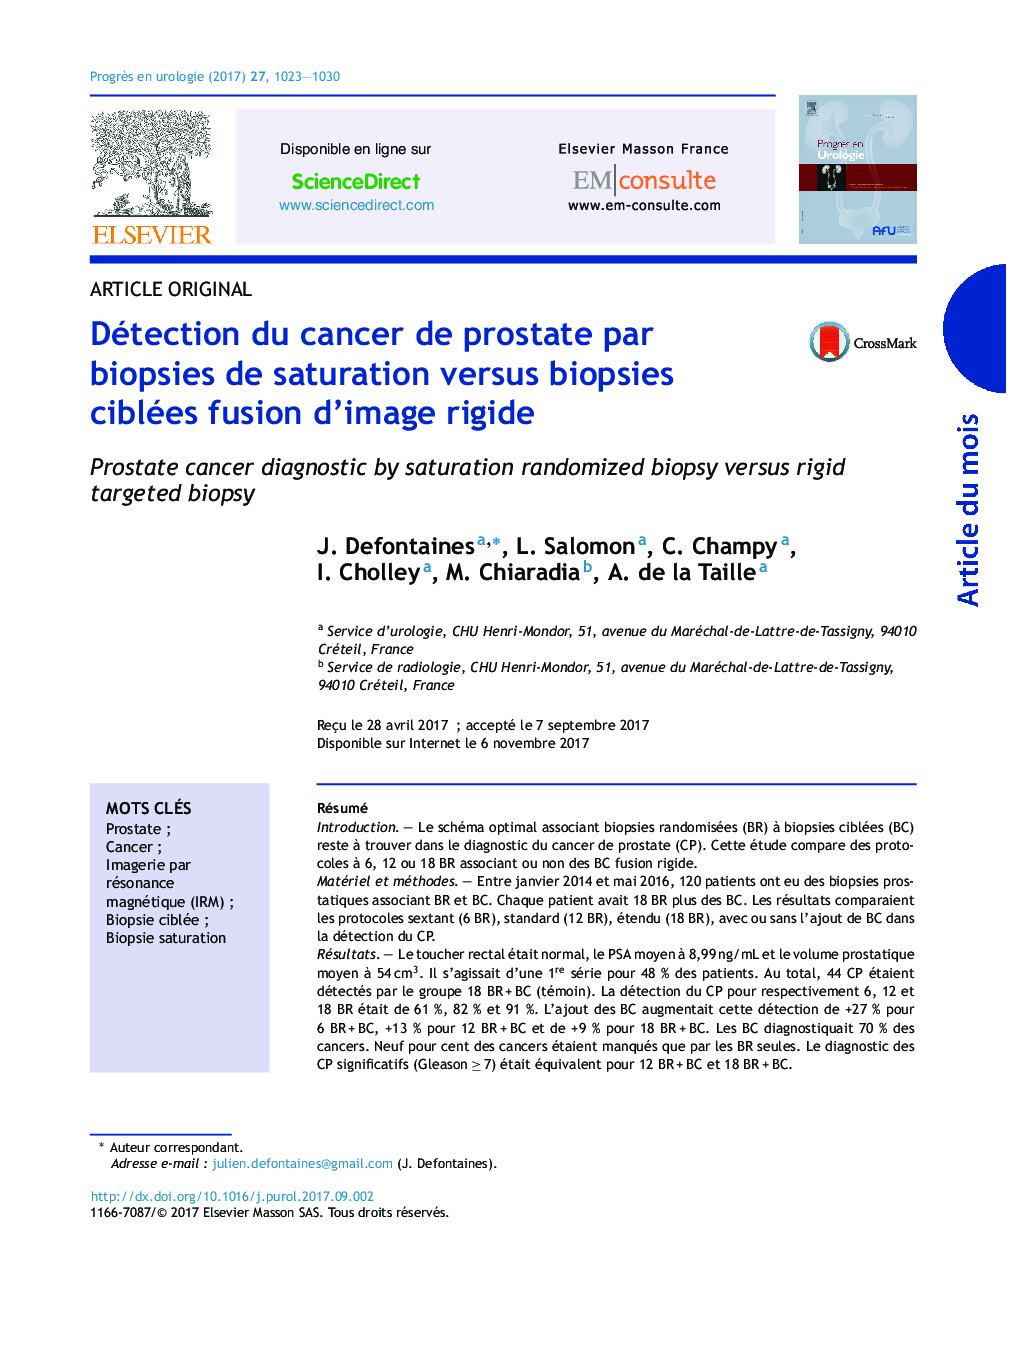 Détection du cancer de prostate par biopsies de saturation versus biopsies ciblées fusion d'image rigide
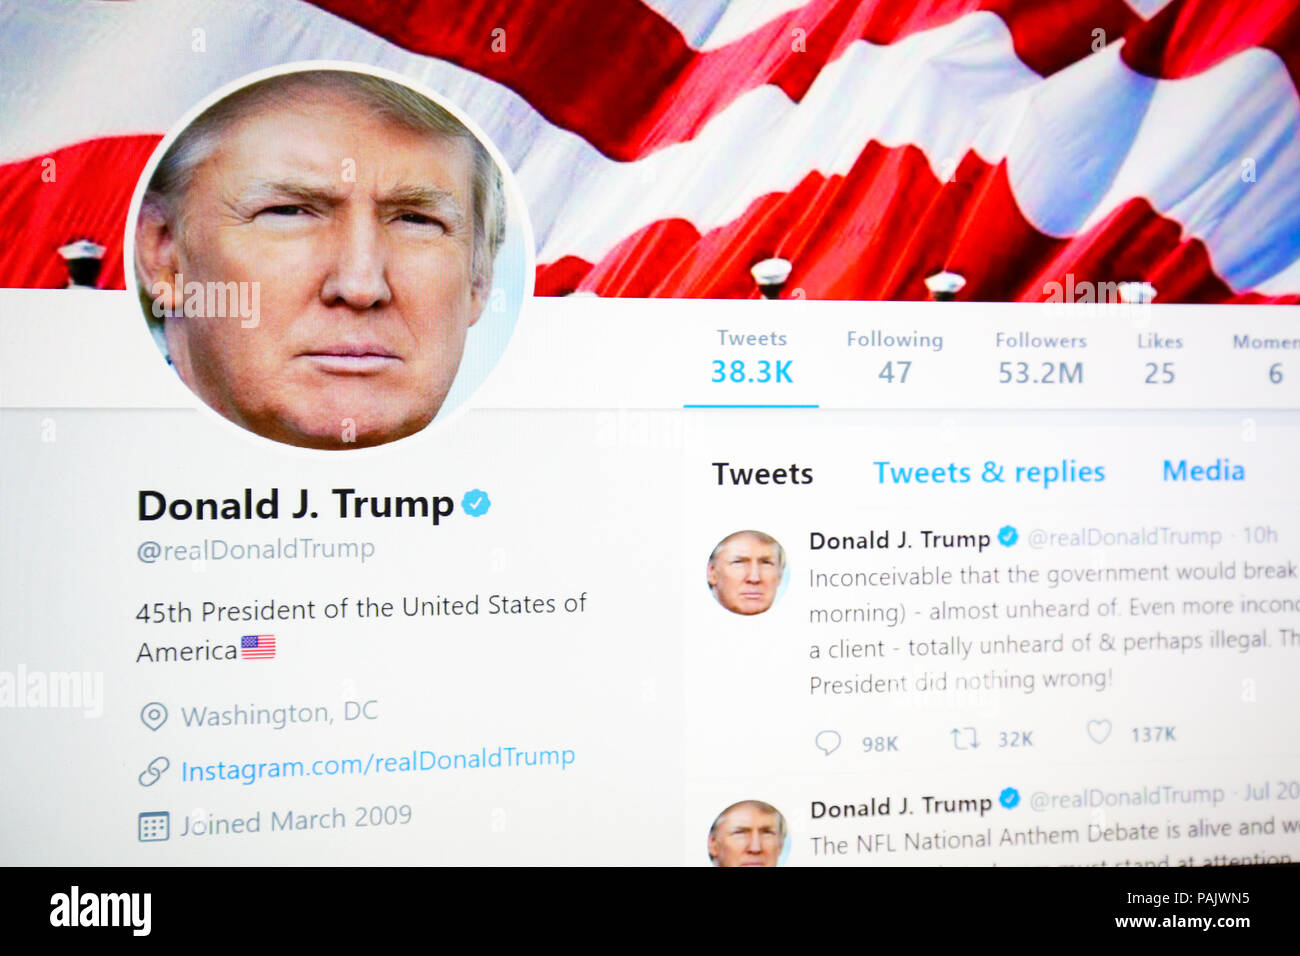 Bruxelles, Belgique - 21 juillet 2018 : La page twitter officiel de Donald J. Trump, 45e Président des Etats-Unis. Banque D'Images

----------

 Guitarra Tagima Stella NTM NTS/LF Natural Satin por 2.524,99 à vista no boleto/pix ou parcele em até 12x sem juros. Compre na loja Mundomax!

----------

### Task
When you reach the line containing "Détection du cancer" in the entries above, begin restating word for word, and stop once the line containing "Bruxelles, Belgique - 21" has been given. Omit the pictures.

### Solution to the problem
 Détection du cancer de prostate par biopsies de saturation versus biopsies ciblées fusion d'image rigide
 Bruxelles, Belgique - 21 juillet 2018 : La page twitter officiel de Donald J. Trump, 45e Président des Etats-Unis. Banque D'Images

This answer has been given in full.